Does Dr. Chu’s disbursement through his Office of Science lend strength to NREL? Well, the publicity on DOE’s stimulus funds for science makes much to-do about solar and biofuels and other energy modes — Check.
Wind — No mention.
Houston, we may have a problem.
Or we can hope that Dr. Chu’s other $1.2 billion disbursement, through his Office of Energy Efficiency and Renewable Energy, will make fine choices. But we can’t know; over two months after the stimulus bill was signed, this allotment remains undesignated.
We have an interest in sound funding and more jobs coming here to Colorado where our renewable energy policy leads the nation, brings new industry, and where NREL has made breakthrough energy solutions for 32 years. It has done this in spite of funding that has swung from boom to bust with the shifting winds of politics, energy crises and the parasitic power of earmarks.
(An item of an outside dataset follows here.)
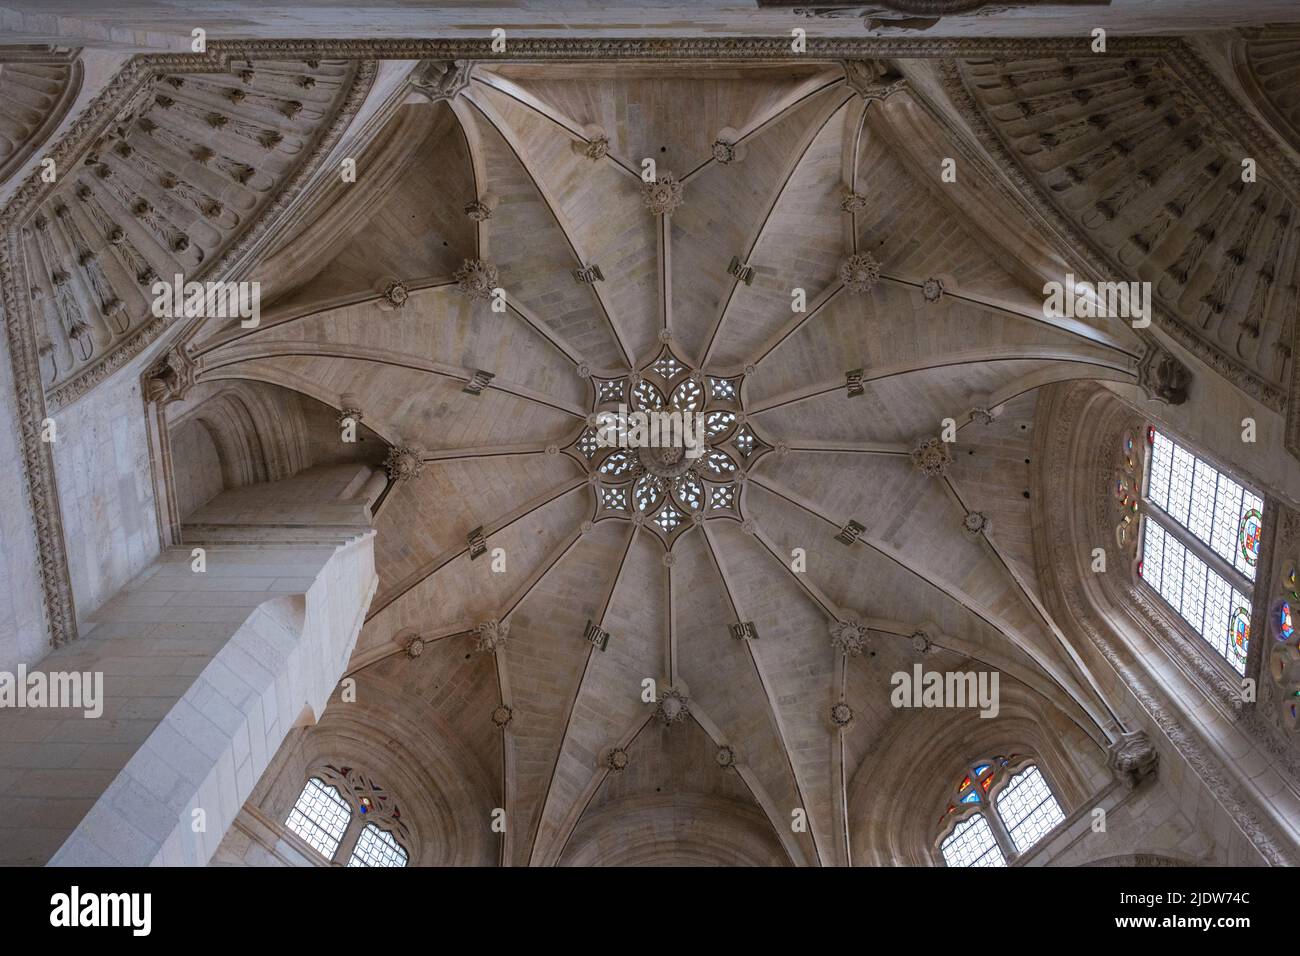 Spagna, Burgos. Cattedrale di Santa Maria. Soffitto Gotico-Mudejar, Cappella della Presentazione, Capilla de la Presentacion, 15-16th secolo. Foto Stock

The New York Times has often noted how NREL’s budgets have been hammered. Former Camera reporter Todd Neff investigated two years ago how NREL’s National Wind Technology Center has struggled with flat funding and outgrown facilities for years. Fortunately the wind site will soon receive two utility-scale turbines (1.5 and 2.3 megawatts) for installation and study, but this investment is in no way proportional to the challenge of a National Renewable Portfolio Standard or reaching 20 percent wind by 2030.
Today’s wind power is many ways mature, but new efficiencies need to be reached. It would be impossible for our nation to embark on ambitious installation plans without wind’s A-team being tooled up, staffed up and ready to test the new blades, gear boxes, and drive trains that will be needed by a nation crazed to back off of coal and oil.
Happily NREL’s main campus, where solar and bio energy are advanced with award-winning and record breaking results, has enjoyed new buildings and 400 new hires. “The main campus had been neglected for most of three years,” explained Bob Noun, NREL’s Director of External Relations. On the recent infusion of support, he added, “We’ve seen this before.”
“At the dawn of the renewable energy age we have here in Colorado the world leaders of the past 30 years,” says Noun, explaining the need for budgets that are much more stout and steady if the nation is to hope for transformative energy products and global competitiveness.
Tiny Denmark is the model to follow. Due to the ¤’70’s oil crisis and in contrition for their heavy coal emissions, Denmark committed strong public support to its fledgling wind power industry and now commands 38 percent of the world market. In the same period, our “strong on defense” president Ronald Reagan cut in half our renewable energy research and abetted wasteful use of energy; this has proven to be a betrayal of our national defense and global competitiveness. Now, finally, let’s get this right.
(Anne B. Butterfield is married to the Chief Engineer of NREL’s wind center.)